2. Add the required imports into your PySpark application or notebook and start
   a Spark session with the following code instead of using
   environment variables:

   ```python
   from google.cloud.dataproc_spark_connect import DataprocSparkSession
   from google.cloud.dataproc_v1 import Session
   session_config = Session()
   session_config.environment_config.execution_config.subnetwork_uri = '<subnet>'
   session_config.runtime_config.version = '2.2'
   spark = DataprocSparkSession.builder.dataprocSessionConfig(session_config).getOrCreate()
   ```

### Using Spark SQL Magic Commands (Jupyter Notebooks)

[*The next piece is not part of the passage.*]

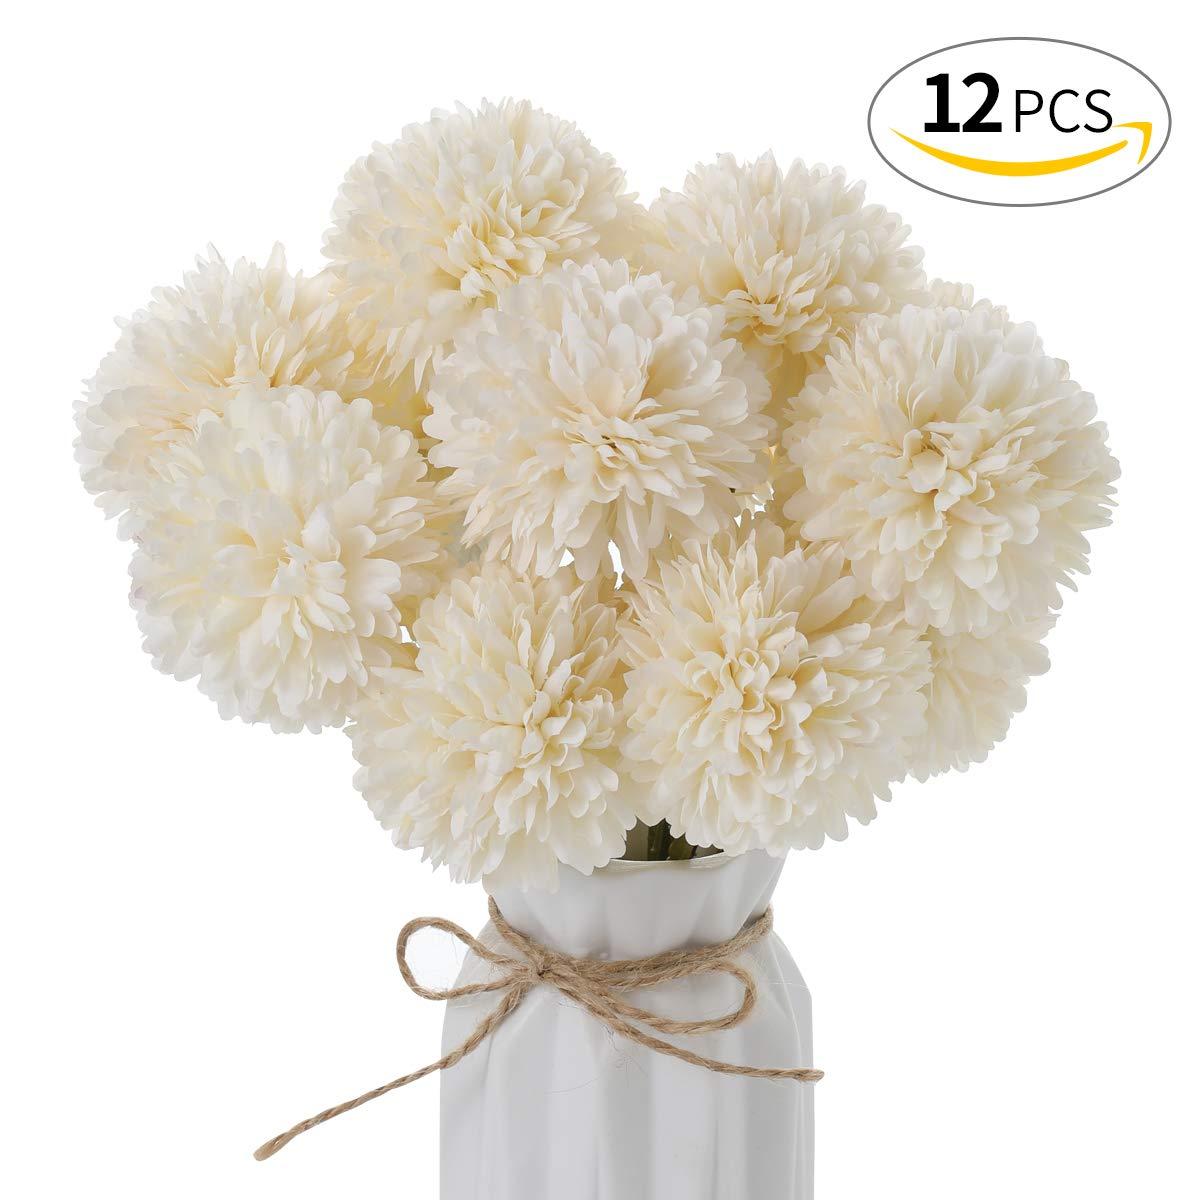 Anndason 造花 シルク製 造花 ウェディングパーティー ホームデコレーション 12個 ASW34 B07QCXLK8C ホワイト

The package supports the [sparksql-magic](https://github.com/cryeo/sparksql-magic) library for executing Spark SQL queries directly in Jupyter notebooks.

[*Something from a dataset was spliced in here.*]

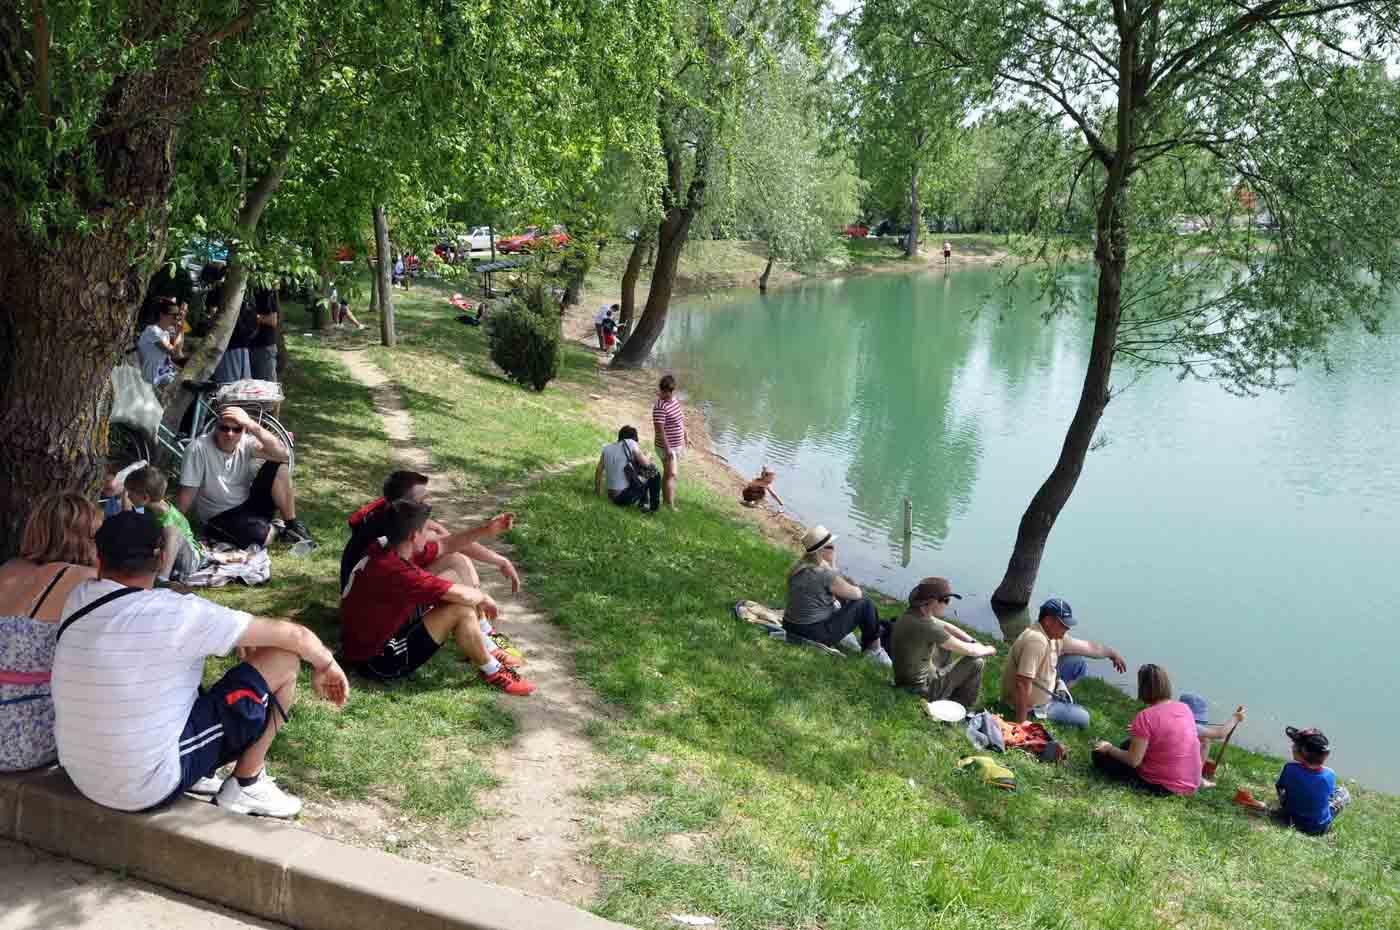 06-zapresic 01 svibanj-piknik-organizator-klub zaprescan-i-gradonacelnik zeljko turk 80

**Installation**: To use magic commands, install the required dependencies manually:
```bash
pip install dataproc-spark-connect
pip install IPython sparksql-magic
```

1. Load the magic extension:
   ```python
   %load_ext sparksql_magic
   ```

2. Configure default settings (optional):
   ```python
   %config SparkSql.limit=20
   ```

3. Execute SQL queries:
   ```python
   %%sparksql
   SELECT * FROM your_table
   ```

4. Advanced usage with options:
   ```python
   # Cache results and create a view
   %%sparksql --cache --view result_view df
   SELECT * FROM your_table WHERE condition = true
   ```

Available options:
- `--cache` / `-c`: Cache the DataFrame
- `--eager` / `-e`: Cache with eager loading
- `--view VIEW` / `-v VIEW`: Create a temporary view
- `--limit N` / `-l N`: Override default row display limit
- `variable_name`: Store result in a variable

See [sparksql-magic](https://github.com/cryeo/sparksql-magic) for more examples.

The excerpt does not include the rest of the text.